In this vein, a new Canadian startup Field Trip has emerged to forge their own path in the realm of psychedelic therapy, where they currently administer ketamine treatments along with traditional therapy to help treat issues like PTSD, depression and more.

“Psychedelic-enhanced psychotherapy is gaining traction in response to clinical research and academic studies showing compelling evidence in addressing the growing mental health crisis globally,” the Field Trip website notes.

Ketamine is legal if prescribed by a doctor, though Field Trip would be open to administer psilocybin and MDMA treatments, should legislation change. While both are currently considered schedule 1 drugs, with “no medical value and a high potential for abuse,” there is mounting evidence that psychedelics could lead to revolutionary treatments and breakthroughs among patients who aren’t seeing results with those treatments currently available.

According to Vox, Field Trip currently offers ketamine treatments at six clinics in major U.S. cities, though it plans to build 75 centers over the next three years.

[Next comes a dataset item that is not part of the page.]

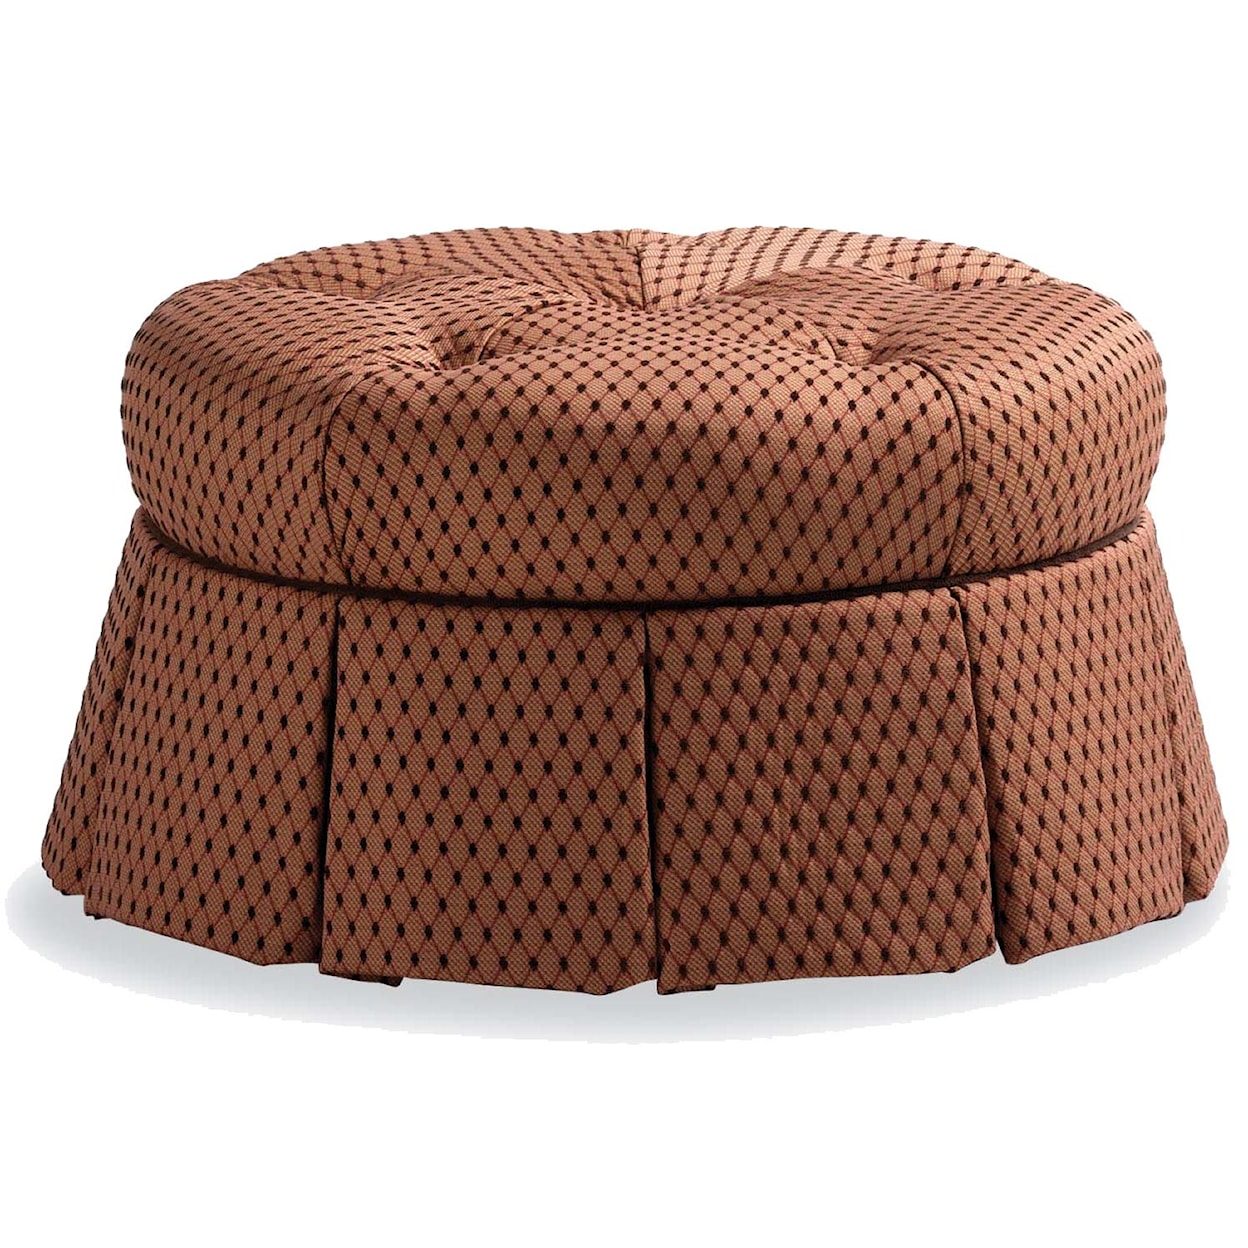 Jessica Charles Fine Upholstered Accents Round Ottoman

The therapy sessions—which Field Trips calls “psychedelic exploration sessions”—involves a patient receiving one or two shots of ketamine into their arm, initiating a 45- to 90-minute hallucingenic journey designed to help people disconnect from their “normal” selves.

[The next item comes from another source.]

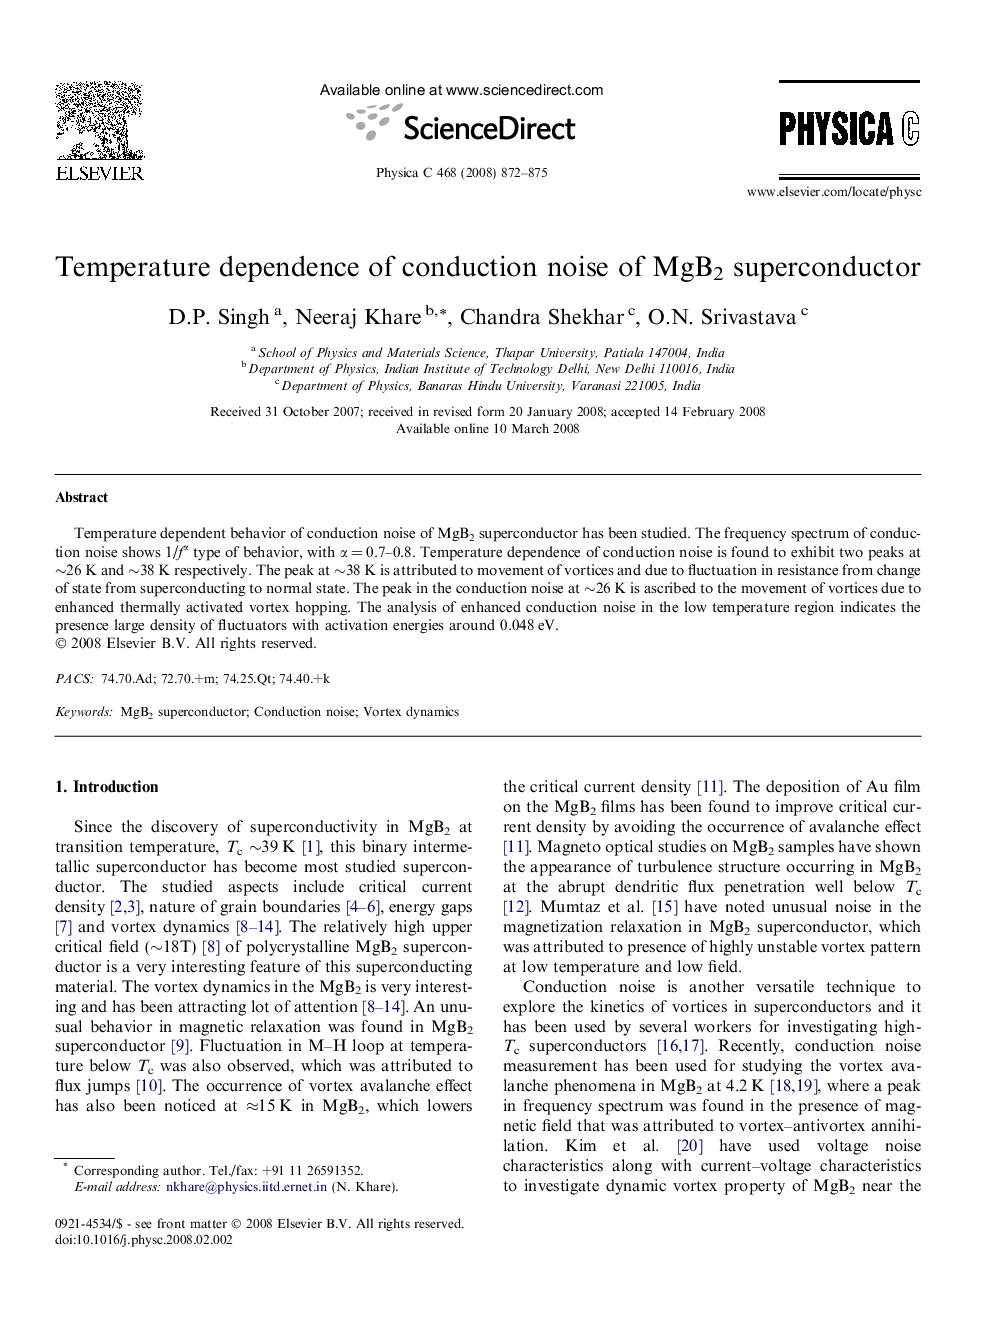 Temperature dependence of conduction noise of MgB2 superconductor

Patients cover their eyes and listen to music as the drug sets in, all the while being coached by a therapist. The next day, patients have a follow-up appointment called an “integration session” meant to reflect on the treatment.

“Whatever comes up in your session—new insights, perspectives — that can be fleeting if you don’t work to integrate that into your life,” Emily Hackenburg, Field Trip’s clinical director, told Vox. “Regardless of what psychedelic you’re using, preparation, journey, integration, that’s going to be the same.”

The startup says most patients undergo the ketamine program four to six times. The initial treatment includes a medical screening, exploration session and an integration session; it costs $750, and because ketamine isn’t specifically approved for mental health applications by the FDA, the medication typically isn’t covered by insurance. Though, patients can sometimes get aspects of the therapy reimbursed.

Despite the expenses, Field Trip is growing quickly, planning to offer ketamine treatments at 20 clinics in the U.S. by early next year, essentially setting itself up to be a huge player in an industry that, for the most part, doesn’t yet exist.

The future of psychedelics is also uncertain overall. While the U.S. government has recently begun to support and review research surrounding the potential of psychedelic medicine, there’s no telling if psychedelic drugs will follow cannabis, becoming widely decriminalized and legalized, or if the current standards will remain in place.

Though, just in the past several years, the United States has seen a number of significant reforms across the country: Seattle just became the largest city in the country to decriminalize a range of psychedelics—including psilocybin mushrooms, ibogaine, ayahuasca and non-peyote-derived mescaline.

The Washington city joined Denver, which became the first city to decriminalize psilocybin mushrooms in 2019, along with Oakland and Santa Cruz, California; Washington DC and Somerville and Cambridge, Massachusetts; and the entire state of Oregon, which is the first state to decriminalize psilocybin and legalize it for therapeutic use.

One Field Trip patient, Chase Chewning, opened up about his two ketamine sessions, saying that he was “profoundly closer” to finding resolution with his PTSD and working toward better mental health, following his experiences at a Los Angeles clinic.“This is really the most promising development in mental health care to come along, literally, in many decades. And that’s one reason why you don’t want a few companies controlling it,” Mason Marks, a project lead at Harvard Law’s Petrie-Flom Center who focuses on psychedelics regulation, told Vox.